I'm not going to lie -- I'm super pleased with what I had of my third-draft pre-NaNo, but realising that I have to go back to working like that to produce those words filled me with a certain kind of nervousness that I hadn't felt before. I was honestly starting to doubt that I could keep up with myself.

This nervousness, coupled wih taking two days off for the holidays, crippled me for what felt like ages (although was actually only most of a day). The words just wouldn't fall right and the physics of the story was falling to pieces in protest of it neglect (A butterknife piercing a hardwood table, that's all you need to know!) Everything felt trite and dull, and my sentences and PoV were boring as hell. It was unbearable and I was doomed.

Then I had a walk and a bath and, at ten pm, inspiration struck. It was the coveted bolt of lightening, and it struck me hard. So hard, in fact, that the momentum of that energy has carried me well through today. As it stands, I have done 2,000 today (the most of this draft that I've done since putting it down on October 31st) and it's coming as well as it did then.
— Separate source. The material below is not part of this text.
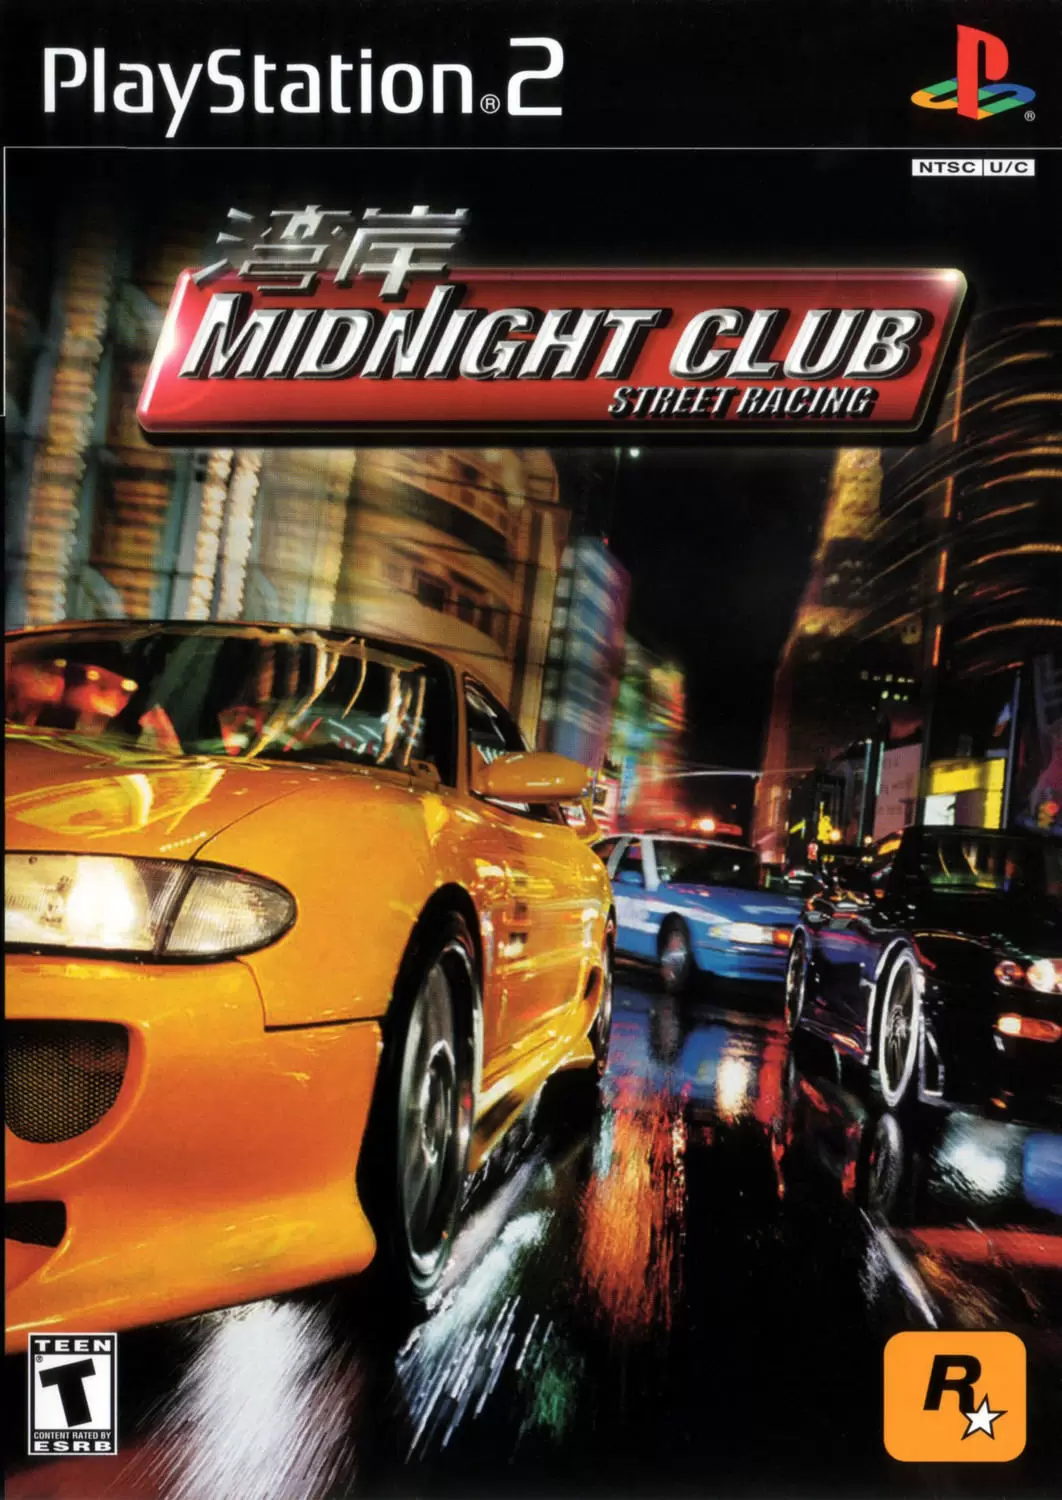 PS2 Games - Midnight Club: Street Racing
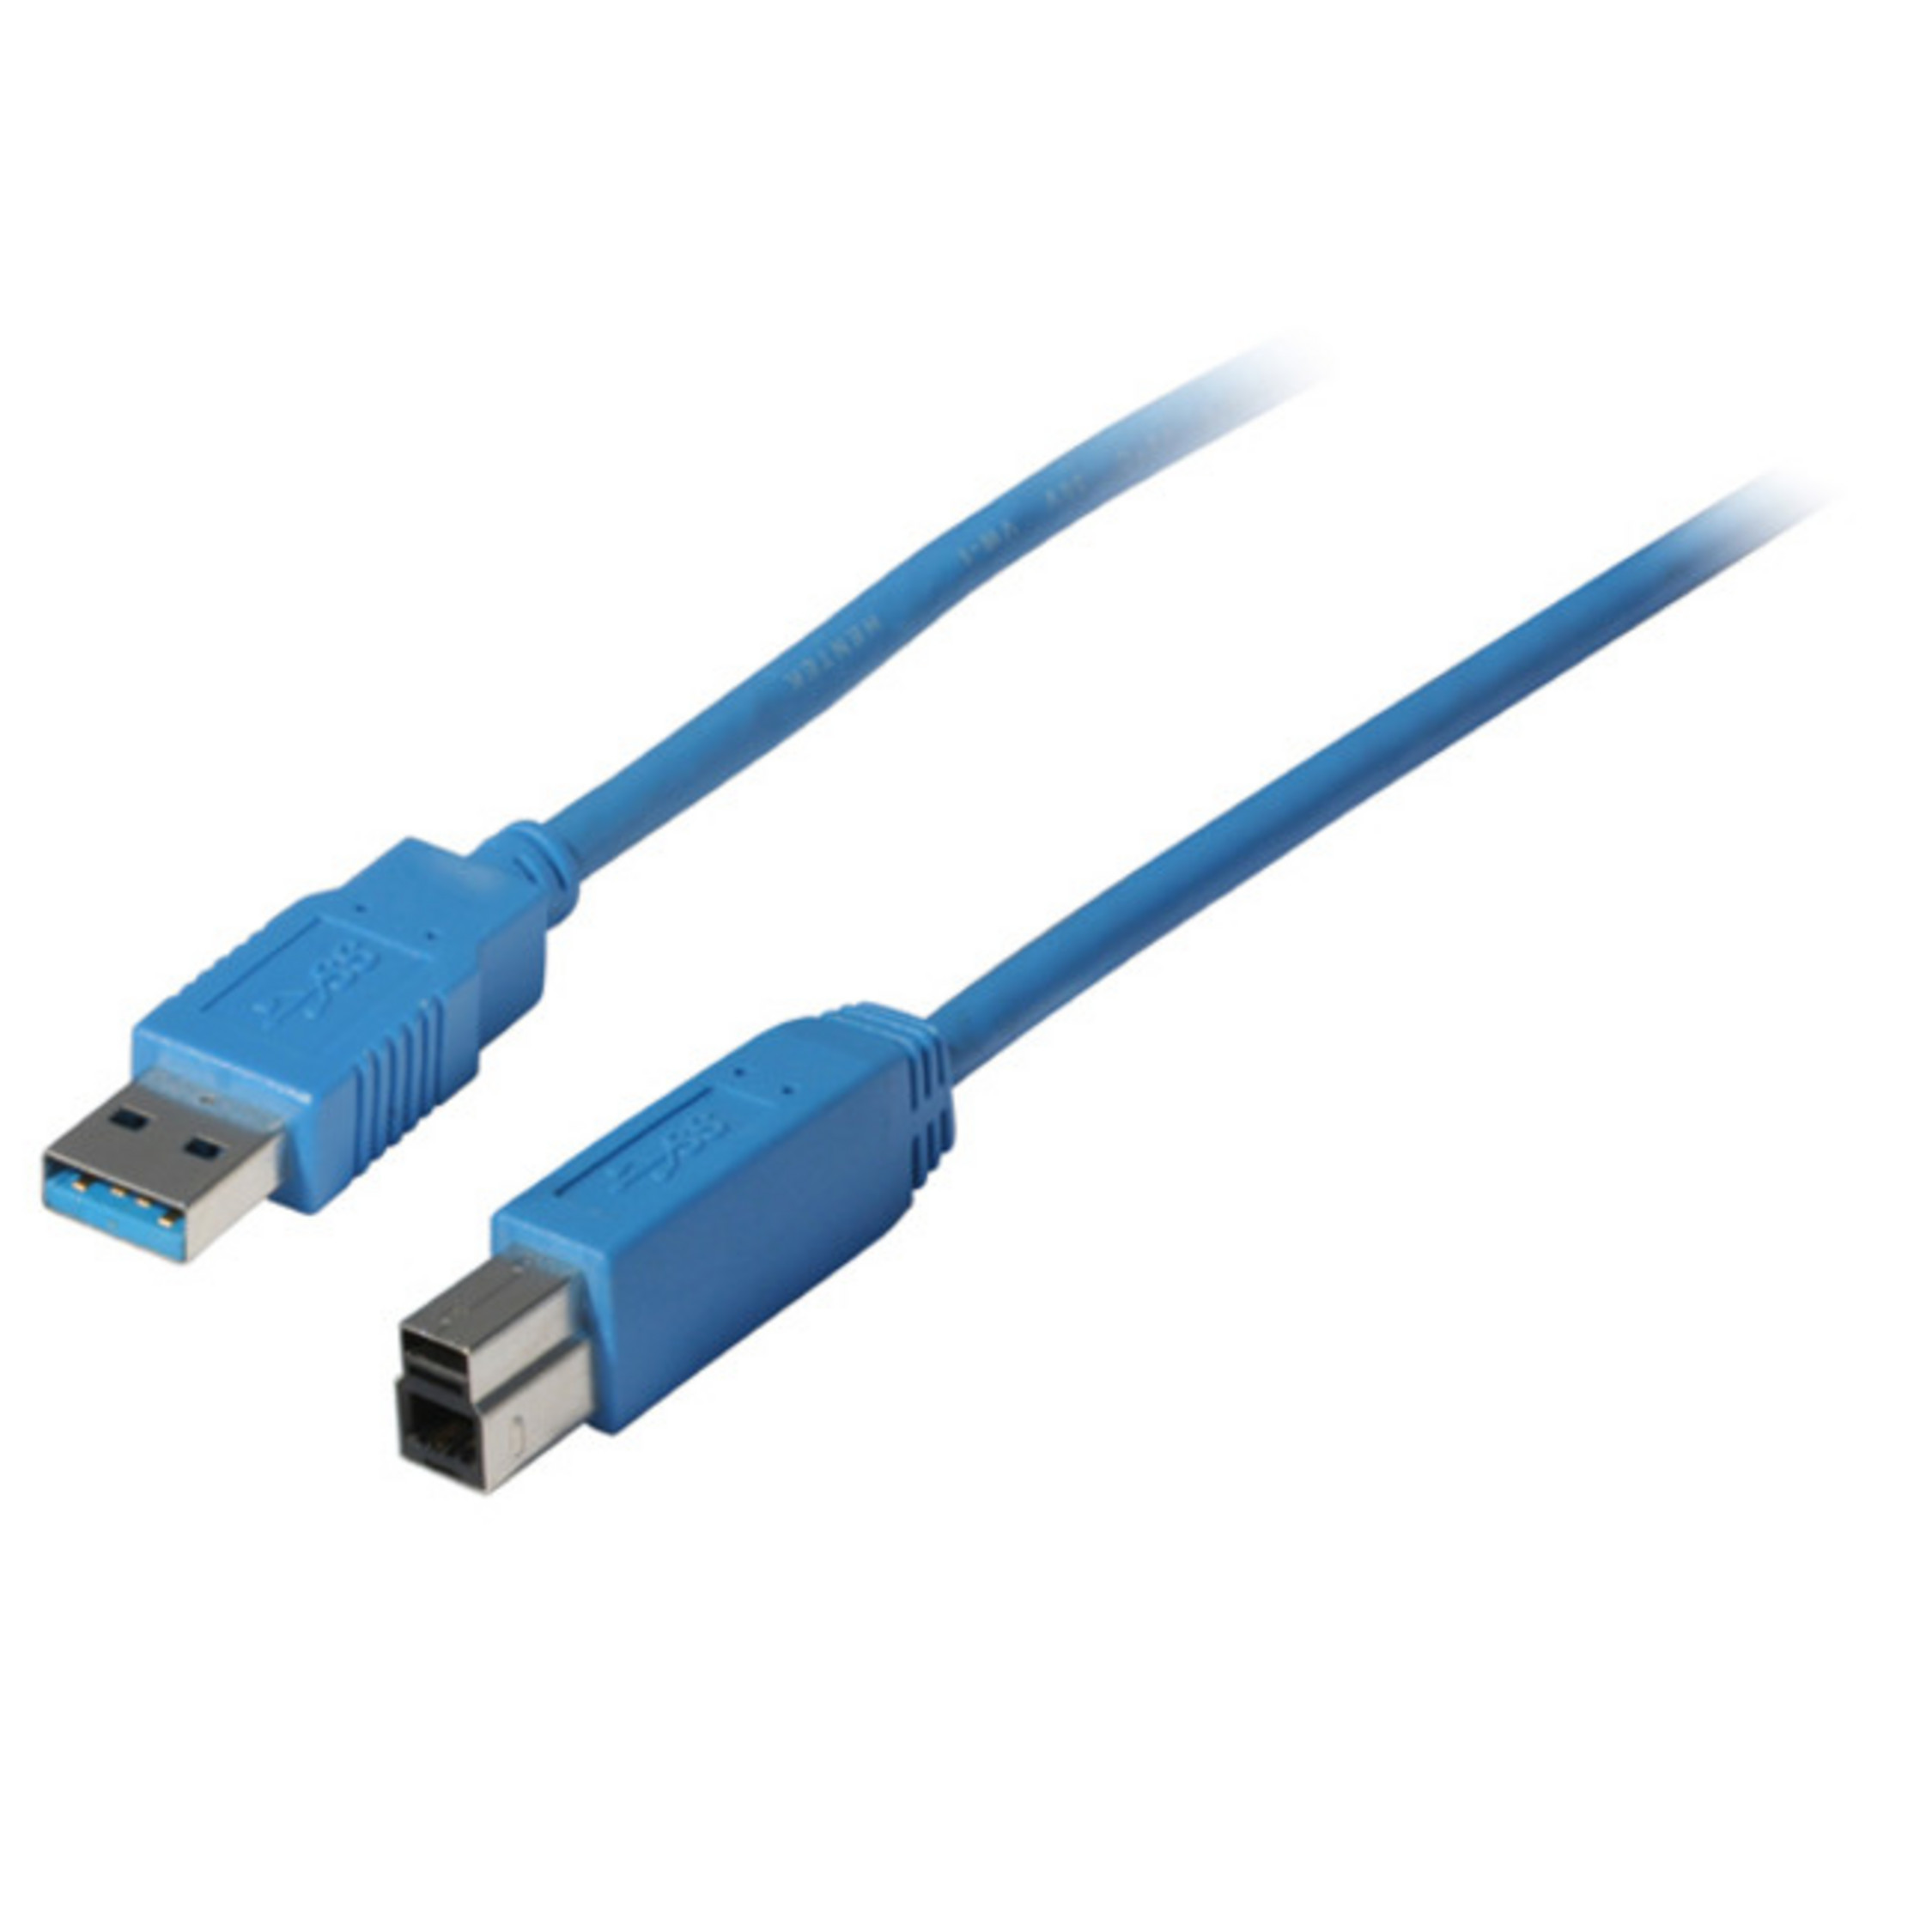 S/CONN MAXIMUM CONNECTIVITY USB Kabel 5m USB / B Kabel 3.0 Stecker A Stecker blau USB

I am so so inordinately relieved.

It really is delightful, going back to this kind of draft, where every word is carefully picked and placed for the perfect effect. It's really feeling like a composition than words on a page, as the first drafts did, and I can finally take pleasure in the craft of writing again.

That's what subsequent drafts are for, I think -- pleasure of writing. First drafts are for the pleasure of the story, but it's later ones that really let you stretch your wings. I love it.